Quickly shifting into Home From Home mode, Acosta and co. have experimented with performance and social distancing to create a specially adapted version of The Dying Swan, or as it is known here as simply The Swan. It premieres online as part of the BBC's Culture in Quarantine festival.
The Swan is a short solo made famous by Anna Pavlova, who first danced it in 1905, composed by Camille Saint-Saëns and choreographed by Mikhail Fokine. Commonly mistaken as featuring in Swan Lake, the standalone piece was performed by Pavlova an incredible 4,000 times, it is estimated.
In the video, Acosta introduces the work, admitting, "I frankly don't know how it's going to turn out", describing how he hopes the piece will evoke a sense of the end of something and beginning of something else.
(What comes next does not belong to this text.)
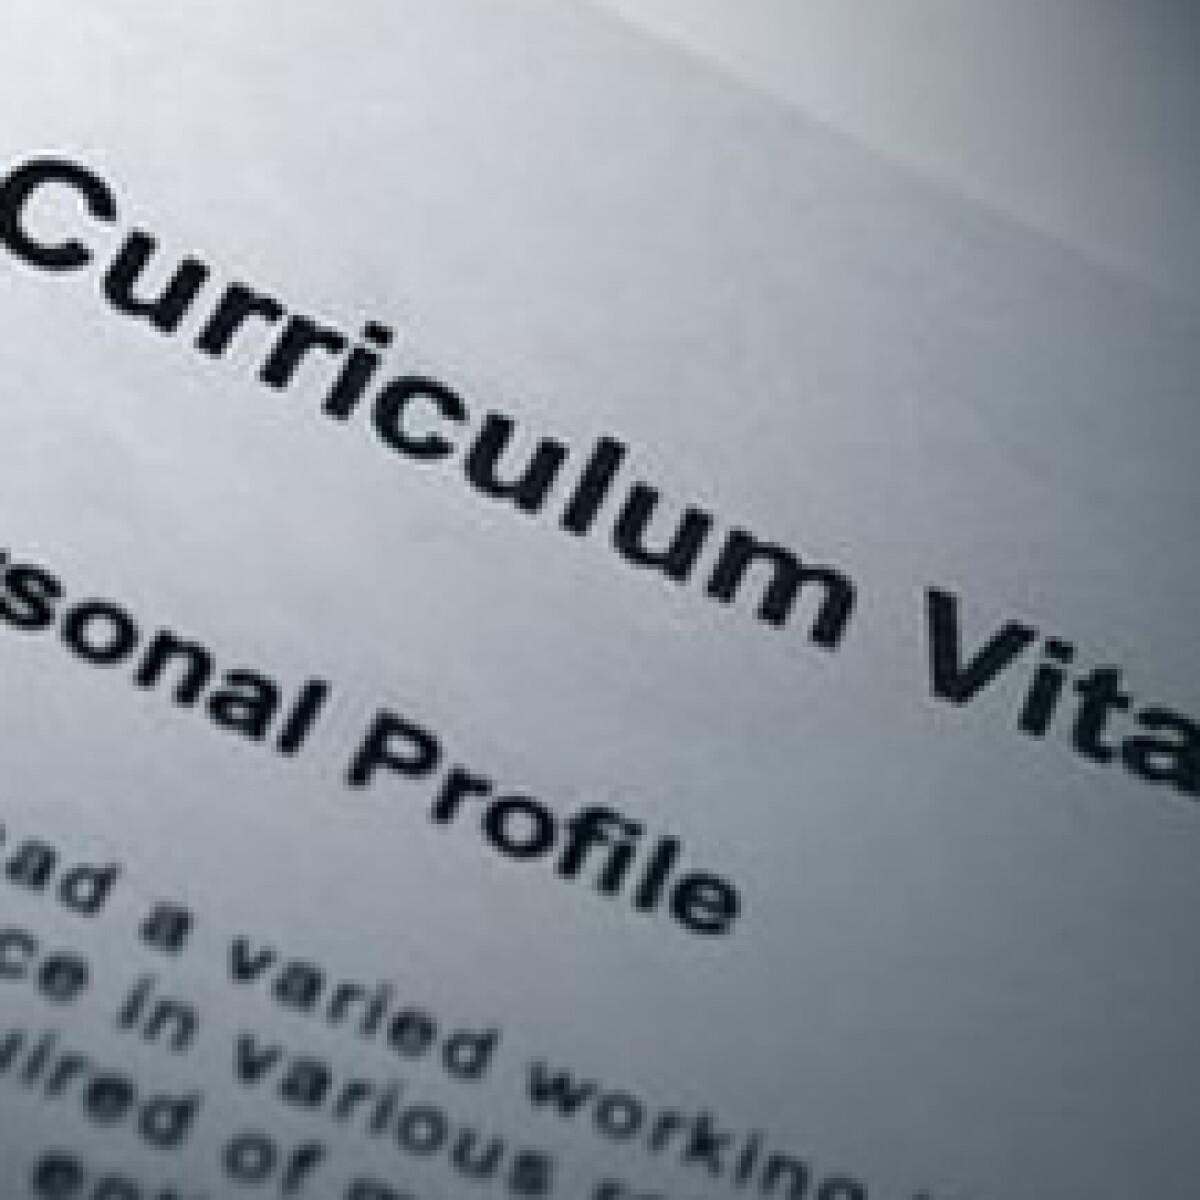 Cómo explicar un agujero en tu currículum

A simple three-way split screen shows our two musicians, pianist Jonathan Higgins and cellist António Novais, from their respective homes, with Birmingham Royal Ballet Principal Céline Gittens in the centre, shown in her living room, fully dressed in a dazzling white tutu, pointe shoes and a feathered headdress. Acosta has especially adapted the choreography, not only to create a more uplifting conclusion but also to allow for the confined space.
Gittens flutters wearily and desperately, but there is something hypnotic and watchable about her plight - her neat bourrées contrasting with her wild arms and stretched fingers. She covers one side of the room to another in a few small steps and a tense arabesque pose before entering a faster, more frenzied series of turns while still busily, urgently running en pointe.
In an affecting conclusion that diverts from the original, Gittens is seen placing her hands to her heart before raising them aloft as if to spread a message of hope before turning to face away from the camera. It's powerfully effective.
The evident claustrophobia is so very relatable, but made beautiful here, and will speak to us all in these unique times of lockdown.
This really is a moving watch that delicately captures these strange times we're all experiencing. Loneliness, desperation and eventually promise mean this is a touching, emotive and uplifting few minutes of art in a climate where such a distraction is very welcome.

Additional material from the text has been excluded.